Open matsen opened 1 year ago
I implemented something like this in #73, although it's slightly different:
The Jukes-Cantor ML branch length is given by $\hat\nu = -\frac{3}{4}\ln(1-\frac{4}{3}p)$, where $p = m/N$, the number of mutated sites $m$ normalized by the total number of sites $N$.
The likelihood penalty for each site, with the parent base $i$ and the child base $j$, is
P_{ij}(\nu) = \cases{ \frac{1}{4} + \frac{3}{4} e^{-4\nu/3},& i = j\\
\frac{1}{4} - \frac{1}{4} e^{-4\nu/3},& i$\neq$ j\\}
Using the ML branch length estimate, this simplifies to
P_{ij}(\hat\nu) = \cases{ 1-p,& i = j\\
\frac{1}{3}p,& i$\neq$ j\\}
so the product of these values over all sites is the likelihood penalty for a branch.
The simplest model of DNA evolution is Jukes-Cantor: https://en.wikipedia.org/wiki/Models_of_DNA_evolution#JC69_model_(Jukes_and_Cantor_1969)

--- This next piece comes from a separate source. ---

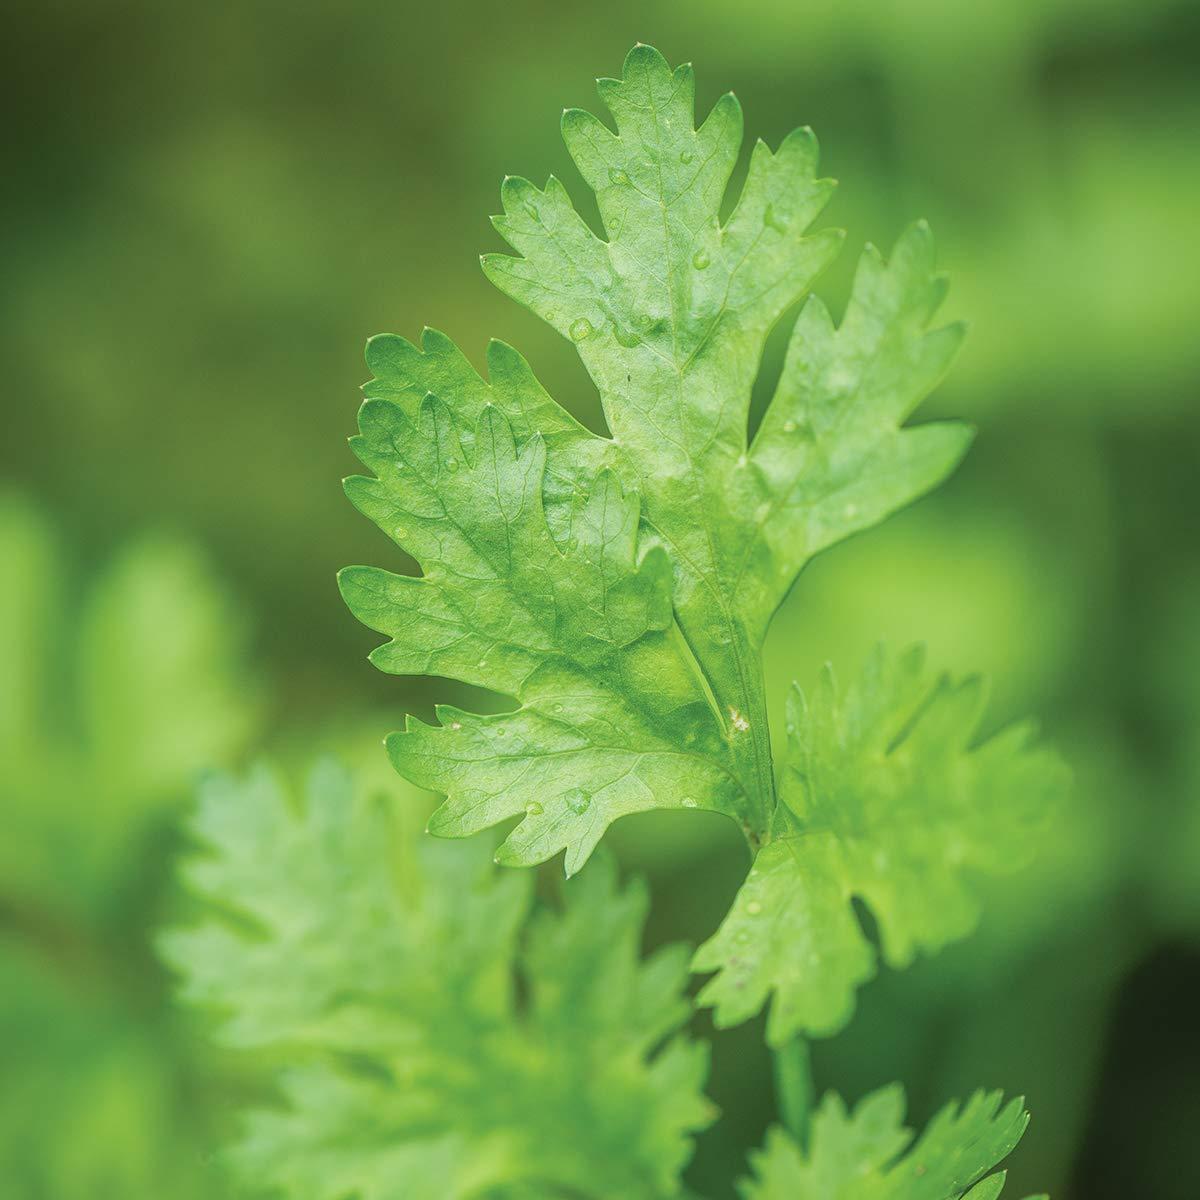 Burpee Calypso' Cilantro 3 Live Plants, 2 1/2'' Pot
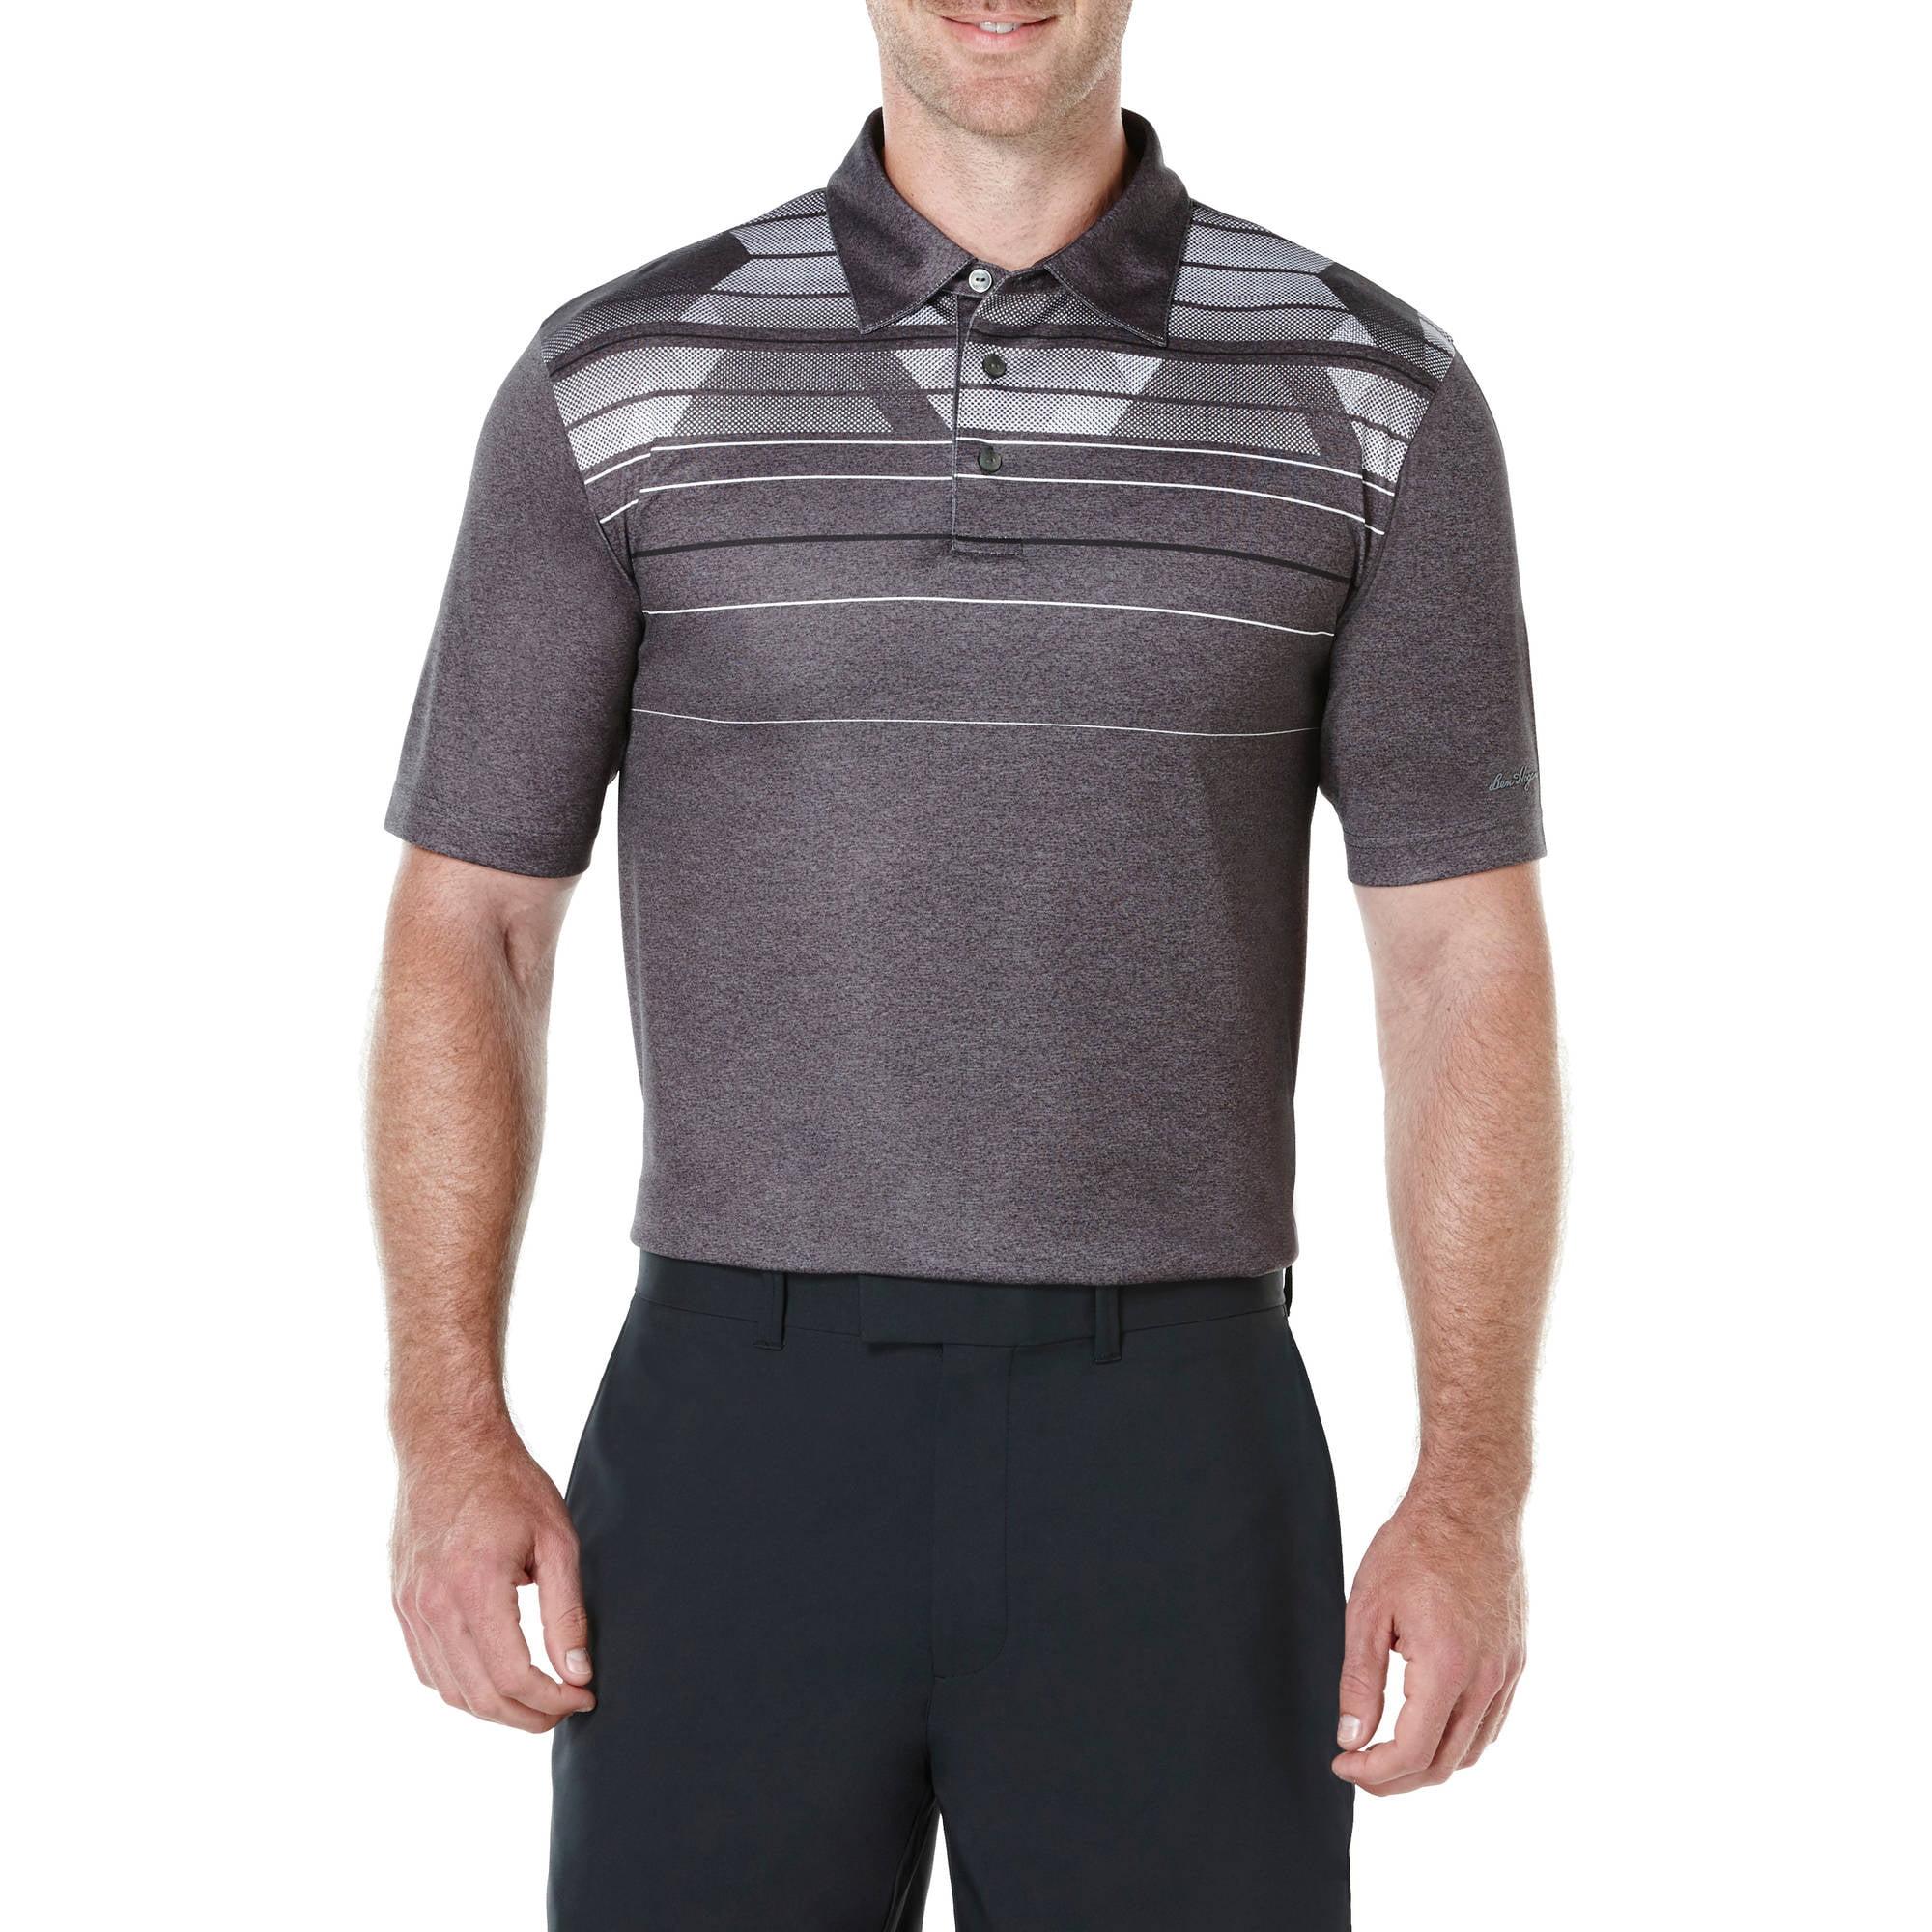 Ben Hogan Performance Big Men's Heather Shoulder Print  Polo Shirt

The simplest weight we could put on the edges of an hDAG is to use the likelihood of the observed sequence transitions using the ML branch length for that edge. The transition matrix for this can be calculated directly as in the wikipedia article.
Then for each edge the likelihood is the likelihood of a mutation using the corresponding branch length to the power of the number of mutations, times the likelihood of no mutation to the power of the number of sites without mutation.